The logs of clusterautoscaler showed that it failed to scale down the cluster because of the failures of draining nodes. And then I tried to run `oc adm drain <node>` manually and it failed with the similar logs like There are pending pods in node "ip-10-0-131-192.ec2.internal" when an error occurred: [error when evicting pod "baremetal-installer-build": pods "baremetal-installer-build" is forbidden: unable to create new content in namespace ci-op-0s7gqtnf because it is being terminated, error when evicting pod "openshift-acme-exposer-build": pods "openshift-acme-exposer-build" is forbidden: unable to create new content in namespace ci-op-i7xcfyv9 because it is being terminated, error when evicting pod "kubevirt-test-build": pods "kubevirt-test-build" is forbidden: unable to create new content in namespace ci-op-rmyyz9vc because it is being terminated] And then panic after sometime (see above). I was trying to use `oc adm must-gather` because i thought you might need me to collect them later for debugging, and failed too. I collected the node log by `oc adm node-logs` (only for ip-10-0-131-192.ec2.internal). I will upload later.
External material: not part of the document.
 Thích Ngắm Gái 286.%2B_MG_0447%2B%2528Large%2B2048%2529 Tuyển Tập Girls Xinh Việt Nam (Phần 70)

Yesterday, we deleted the nodes which autoscaler failed to scale down with. The cluster is used as production of CI infra and we have to fix it. And now must-gather works (i guess it does not help much because the broken nodes are removed from the cluster).
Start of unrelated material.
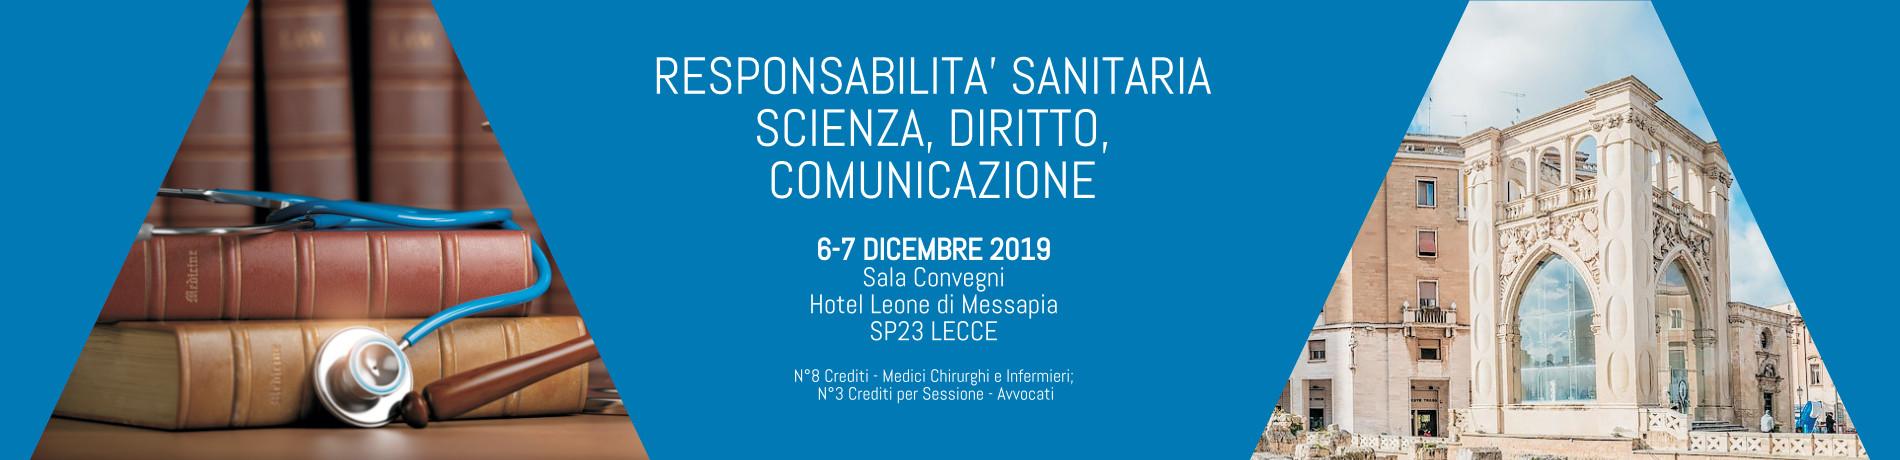 https://www.formedica.it/wp/wp-content/uploads/2019/11/2019_12_06_07_RESPONSABILITA'-SANITARIA-–-SCIENZA-DIRITTO-COMUNICAZIONE.jpg

To clarity, the dentries are leaking on curl liveness calls. This is technically a kernel bug, but we are fixing this in crio by adding default_env support into crio (https://github.com/cri-o/cri-o/pull/3611), and setting NSS_SDB_USE_CACHE=no within containers. If containers contain a different value, then the container overrides crio's injected variable. There are other fixes going into crio fixing the error handling in deferred functions. https://github.com/cri-o/cri-o/pull/3600 https://github.com/cri-o/cri-o/pull/3608 https://github.com/cri-o/cri-o/pull/3597 https://github.com/cri-o/cri-o/pull/3592
Also related to this bug series are the two post-fix mitigation bugs: bug 1829664 and bug 1829999.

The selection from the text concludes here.